Obviously you hope that the stream of returns is bigger than your initial investment, but there is maths explaining by how much. If you lend someone £100 today for payback in one year’s time, you are depriving yourself of the opportunity to earn interest on that £100 over the year if it sat safely in your bank account. You are also taking a risk, however small, that the money is never repaid. As such, you would expect, just as a bank does, to be repaid a bit more than £100 to compensate you for those sacrifices and risks.

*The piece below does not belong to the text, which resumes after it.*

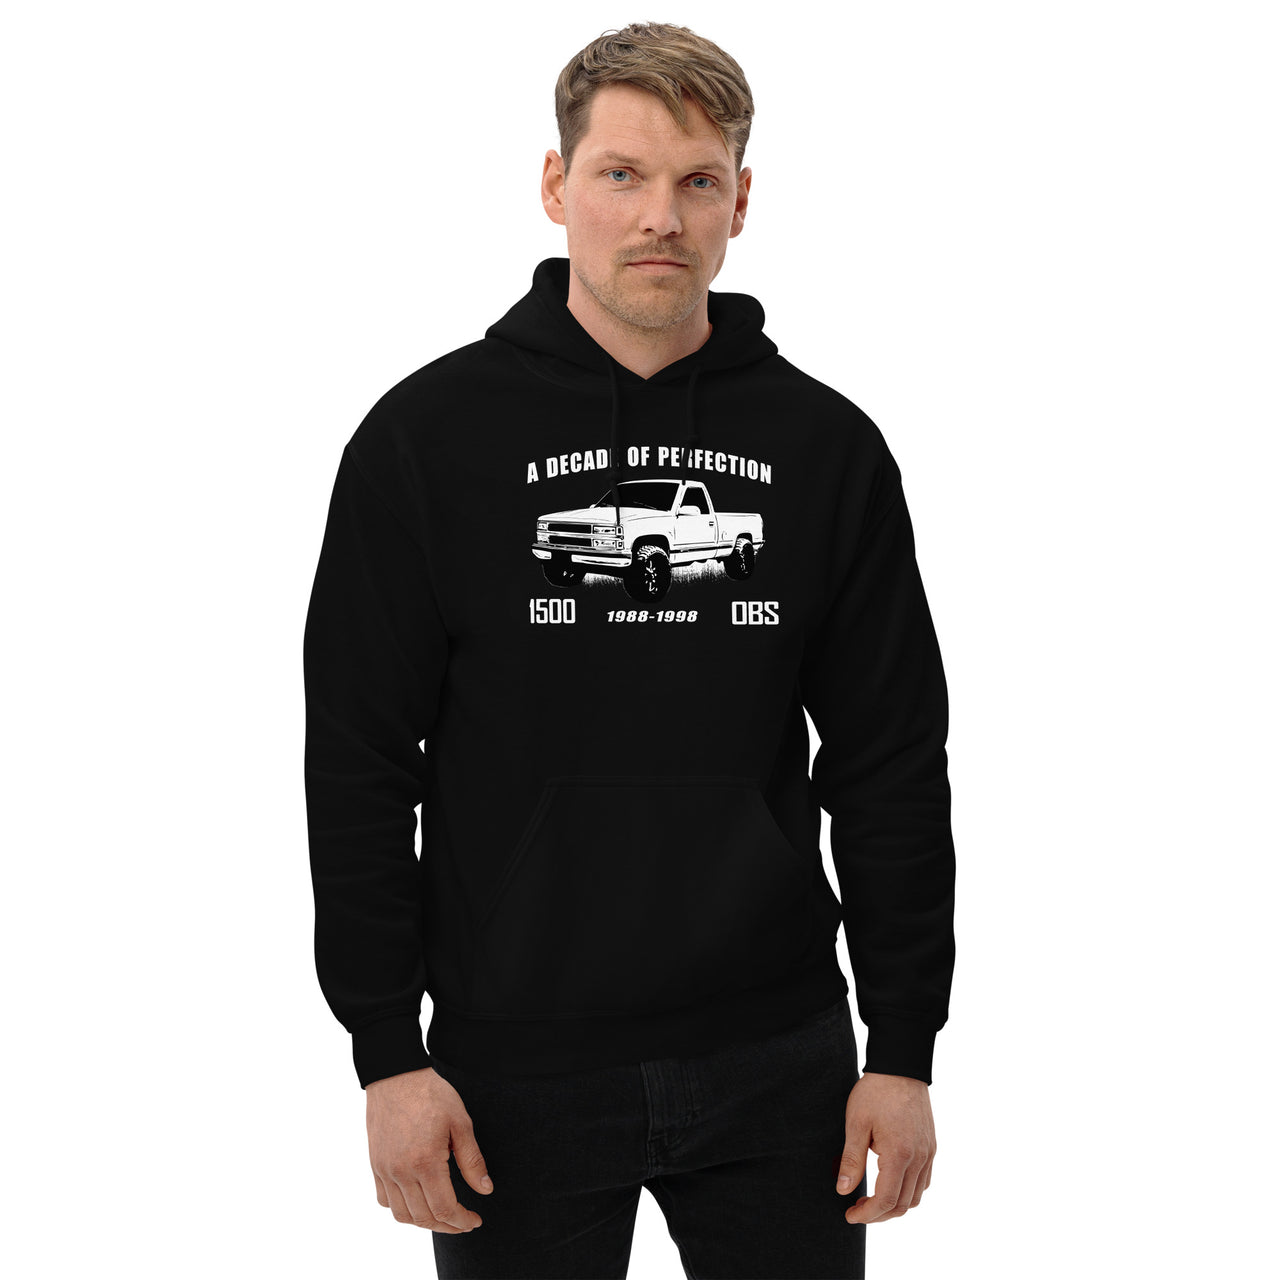 OBS 1500 Hoodie Sweatshirt modeled in black

Economists turn that logic into formulae which allow you to work out whether the investment you are making is worth doing or not, but the core ingredients of those models are the same - the basic “safe” rate of interest you would get by just keeping the money in the bank, and the additional ‘risk premium’ you should demand based on how risky the investment looks.

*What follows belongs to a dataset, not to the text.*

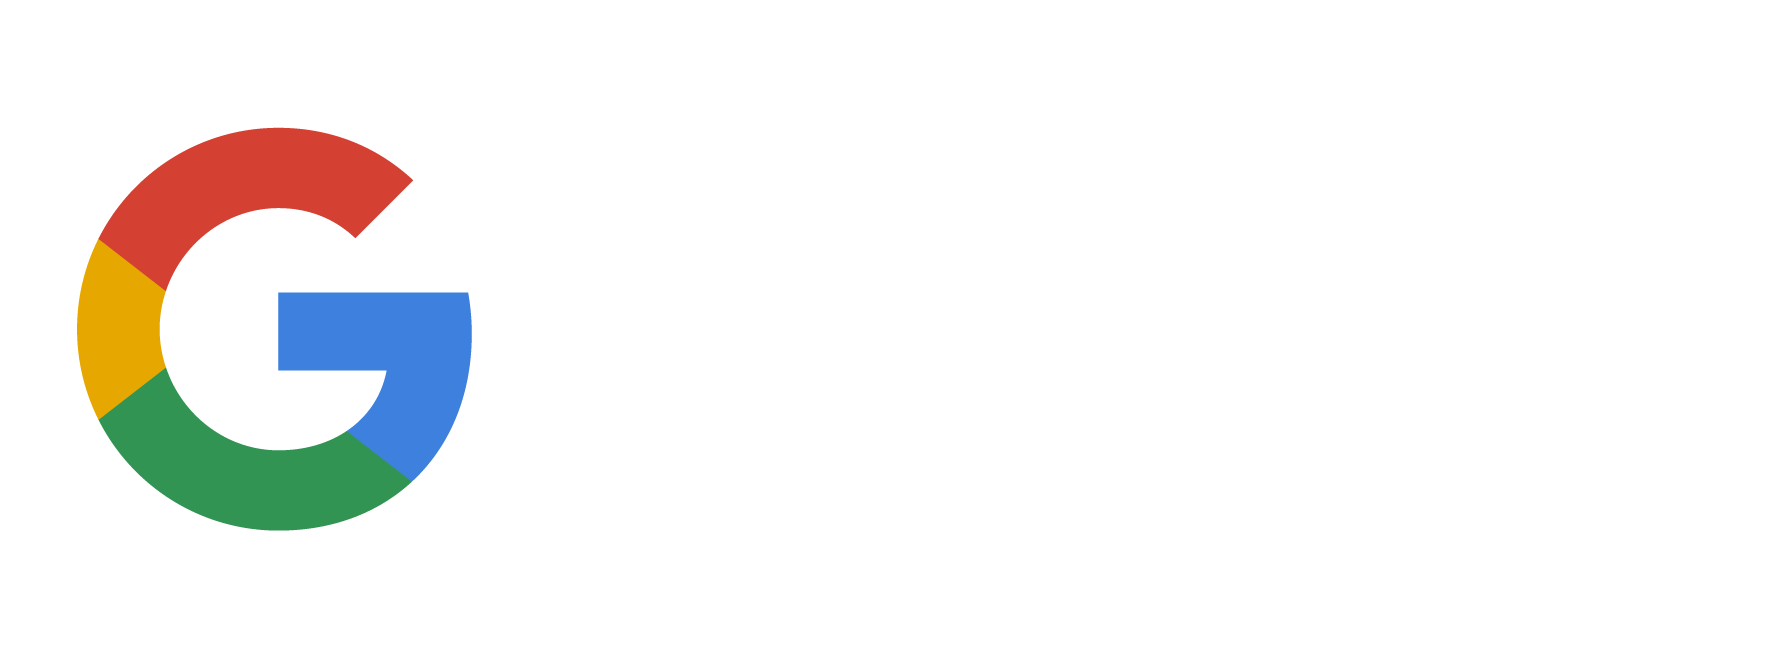 Suite G Logo - G Suite Logo 03. Baker Security & Networks

The current wave of tariff madness hits that equation in 2 ways. Firstly, by creating inflation it will increase interest rates, which means that the ‘safe’ rate of return will go up - that raises the bar on investments by making the ‘do nothing’ case more attractive. (Another way of thinking about that is that rising interest rates increase the cost of any debt you need to take on to fund your investment).

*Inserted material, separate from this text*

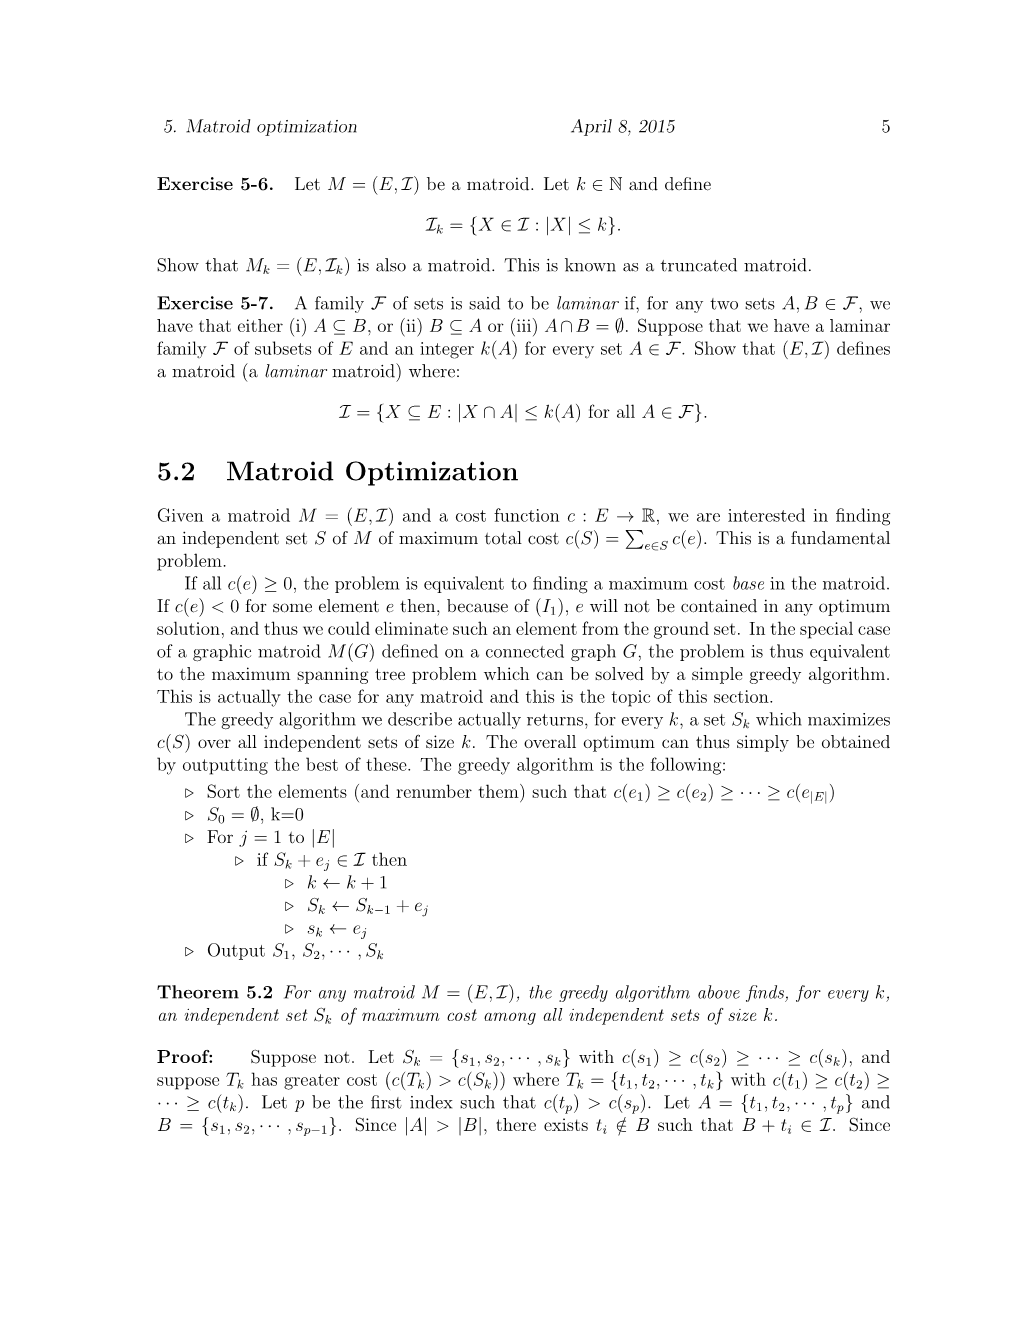 5.2 Matroid Optimization

Secondly, the unpredictable impact of US policy around the world obviously also increases the riskiness of many investments. If you are building a new factory to expand production, what is the danger that a closed-off US market means there is no demand for what you are making, or that a recession-hit China decides to dump their version of your product into your market at an unsustainably low cost?
Tempting, then, to stick every major project on hold. There is a beguiling logic to ‘wait and see’.
Savvy businesses, though, will remember that risk also presents opportunity. If others in your sector are retrenching or over-cautious, does this represent the moment to steal a march - invest in that new technology that will give you a cost-advantage, or expand into that new market when others fear to do so?
That’s all the more true when you examine the recent historical lesson provided by Covid. Once the worst of the pandemic was deemed over, all the super cautious businesses who had hunkered down during lockdowns decided to go for growth all at the same time, and the result was inflationary chaos as global supply chains clogged up and the price of everything soared. A challenging and uncertain economy might present you the best prices you will ever get for the goods and services you need to expand your business.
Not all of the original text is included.